Open
Description
For bash
, a line ending with a backslash causes a false positive unless the backslash is proceeded with a space, eg:
echo "${@}"\
|less
The following script:
#!/bin/bash
echo "1: This should not cause SC2145 error but does"; echo "${@}"\
|less
echo "2: This should not cause SC2145 error but does"; echo "${@}"\
|less
echo "3: This should not cause SC2145 error but does"; echo "${@}"\
"test"
echo "4: This correctly does not cause SC2145 error"; echo "${@}"|less
echo "5: This correctly does not cause SC2145 error"; echo "${@}" \
|less
echo "6: This correctly does not cause SC2145 error"; echo "${@}" \
"test"
echo "7: This correctly causes a SC2145 error"; echo "${@} test"

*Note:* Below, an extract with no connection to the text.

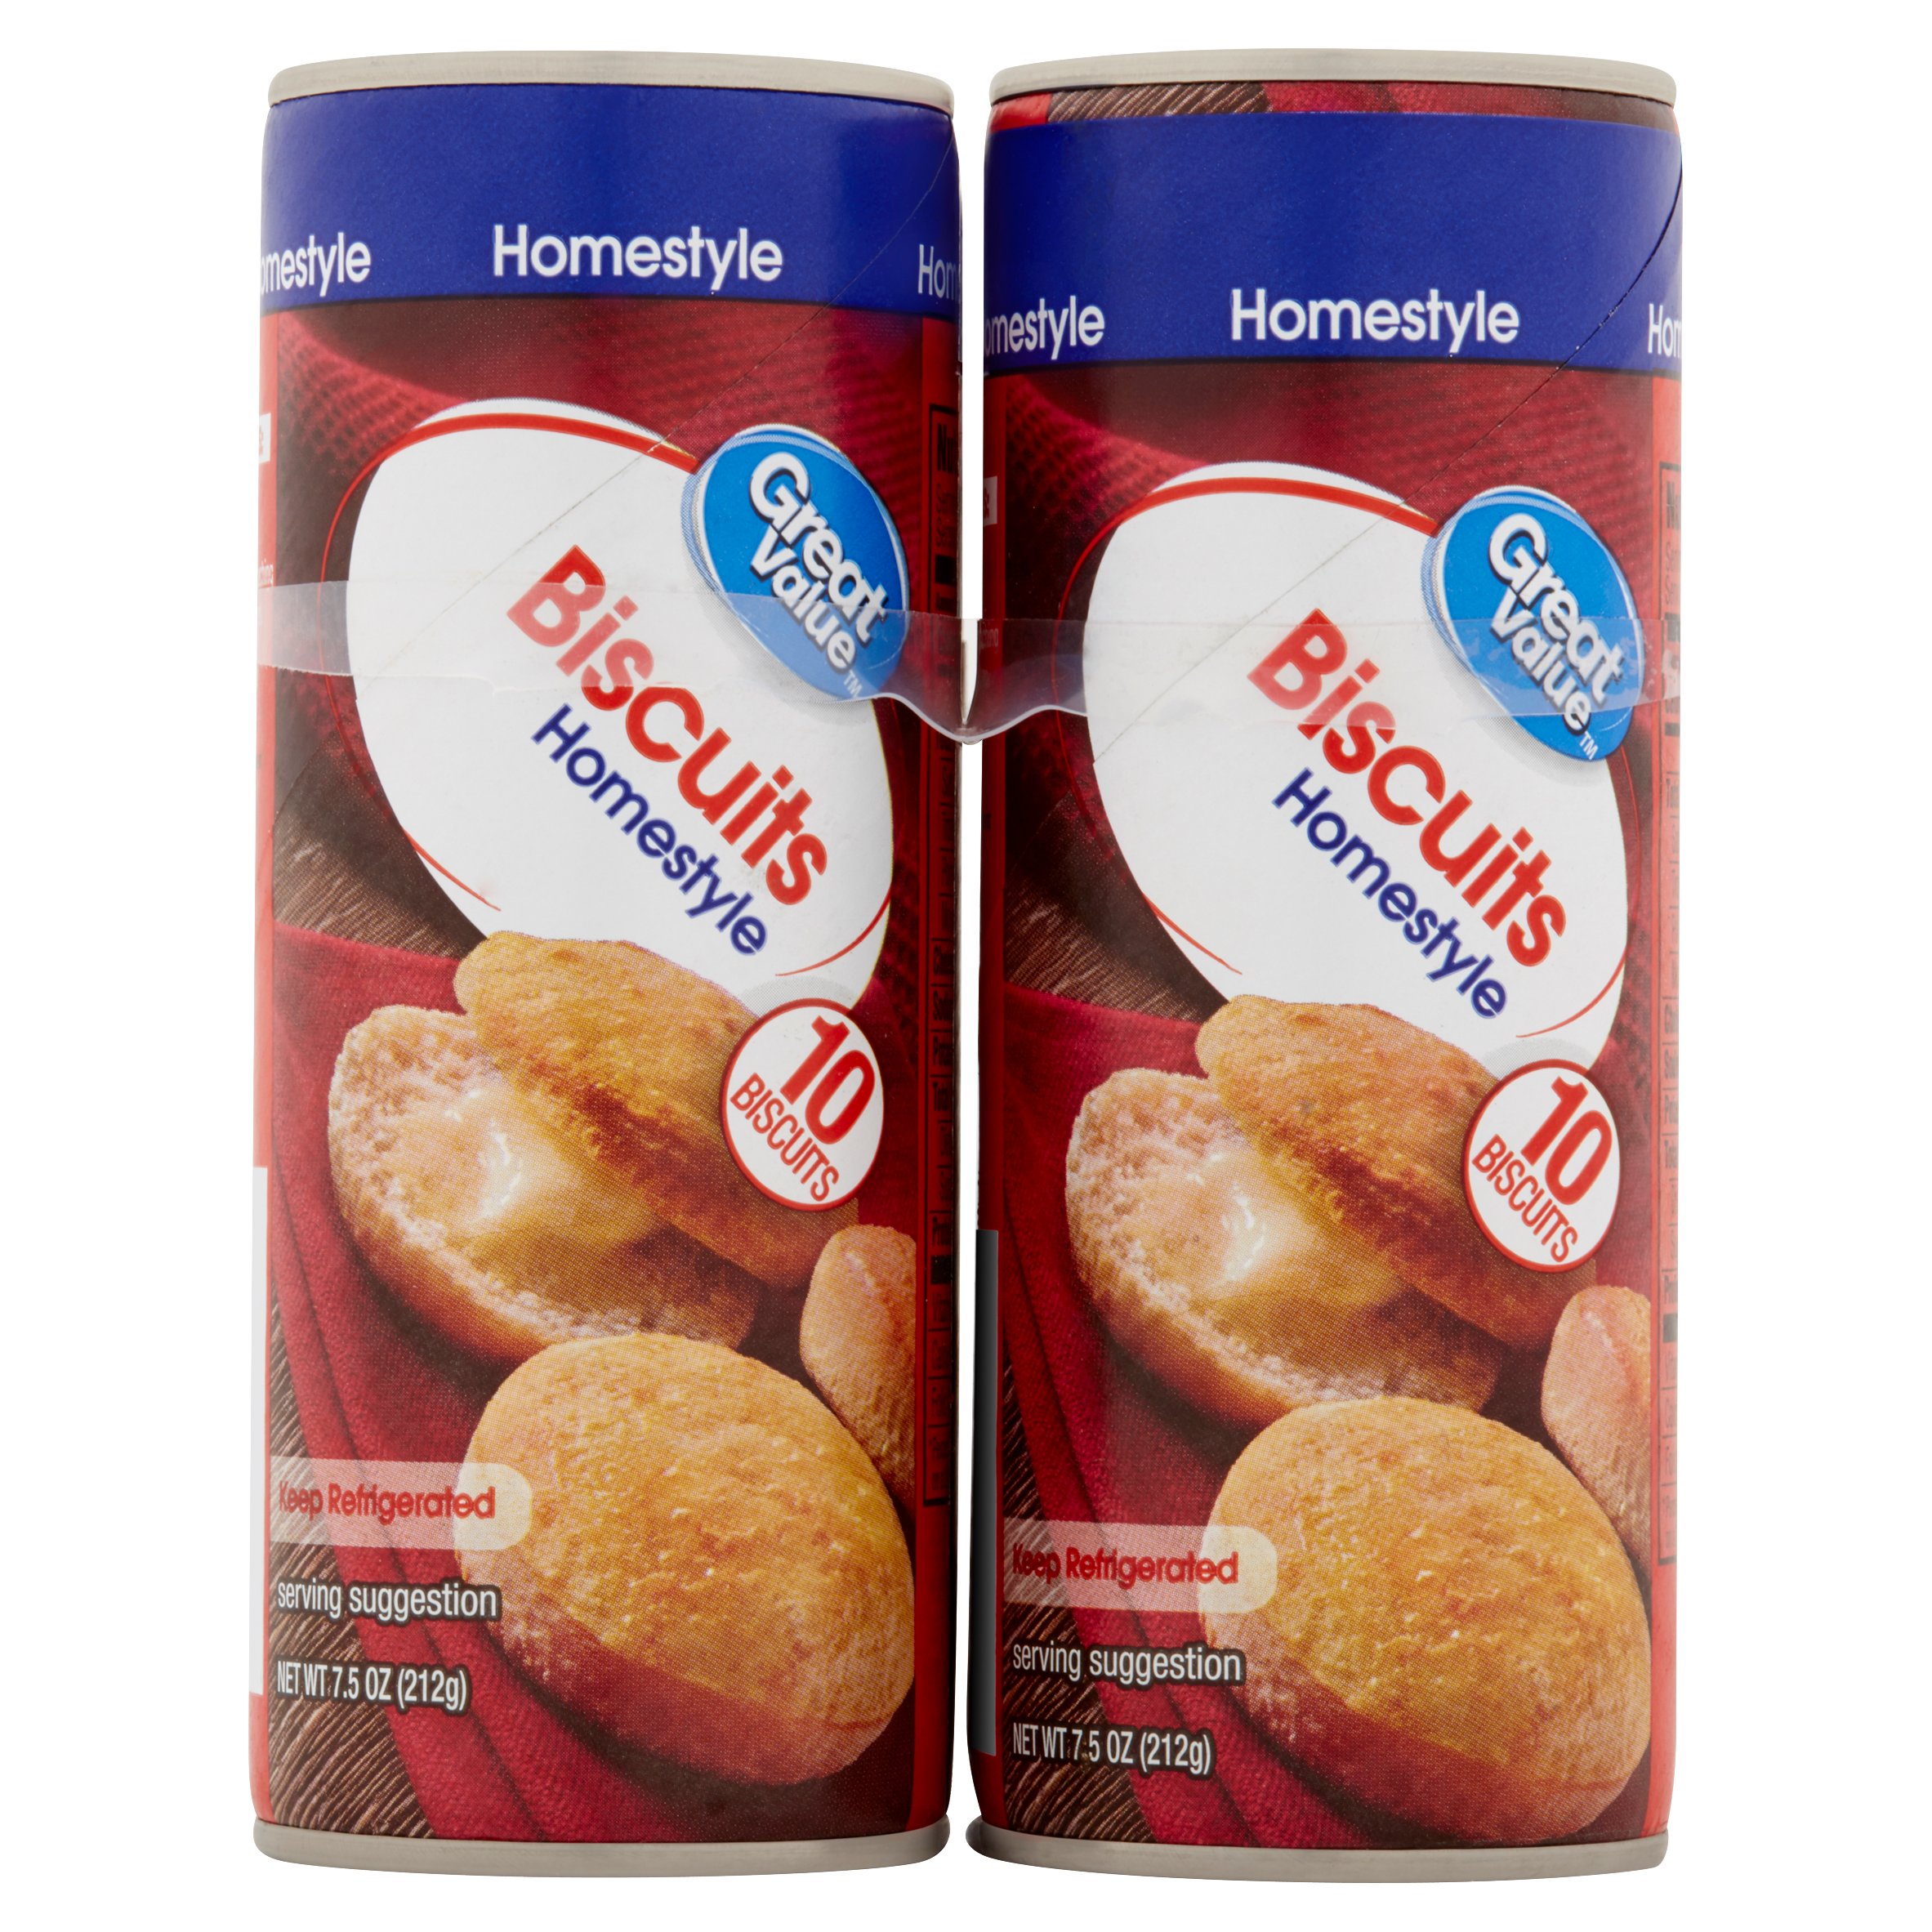 Great Value, Homestyle Biscuits, 7.5 Oz., 4 Count Image
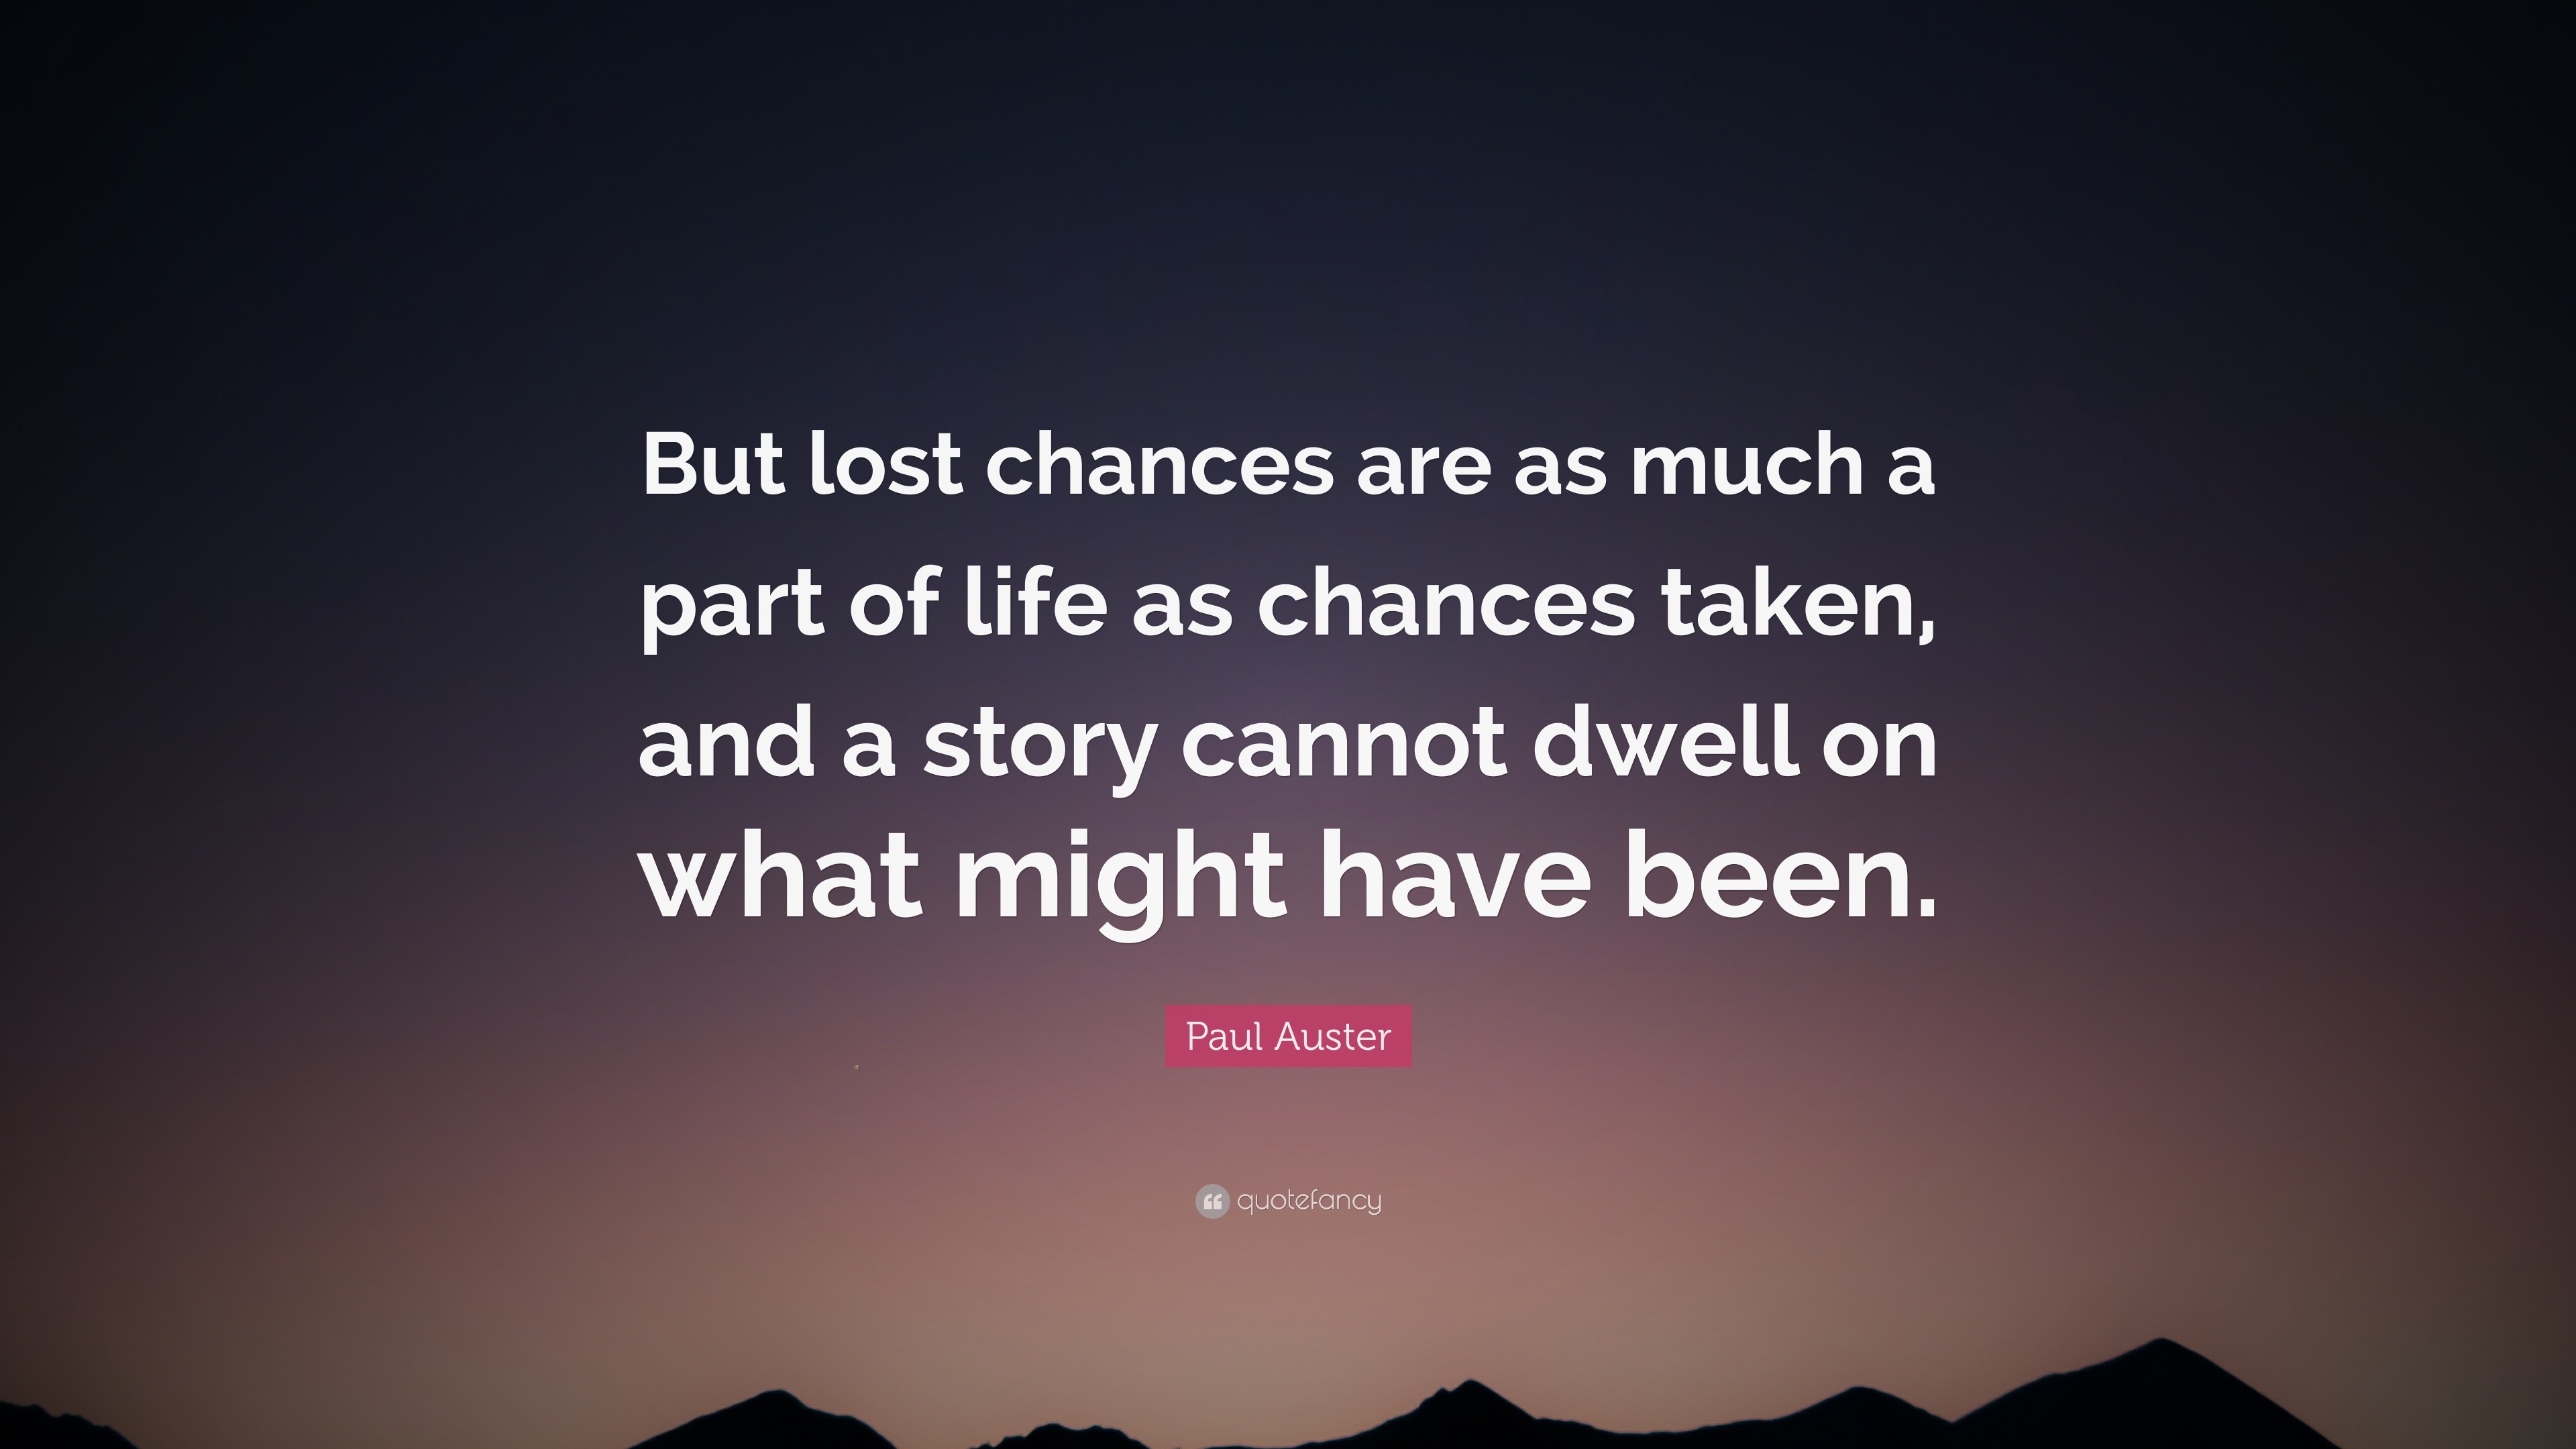 Paul Auster Quote: “But lost chances are as much a part of life as ...

Gives the following output:
In test.bash line 3:
echo "1: This should not cause SC2145 error but does"; echo "${@}"\
^--^ SC2145 (error): Argument mixes string and array. Use * or separate argument.
In test.bash line 6:
echo "2: This should not cause SC2145 error but does"; echo "${@}"\
^--^ SC2145 (error): Argument mixes string and array. Use * or separate argument.
In test.bash line 9:
echo "3: This should not cause SC2145 error but does"; echo "${@}"\
^--^ SC2145 (error): Argument mixes string and array. Use * or separate argument.
In test.bash line 20:
echo "7: This correctly causes a SC2145 error"; echo "${@} test"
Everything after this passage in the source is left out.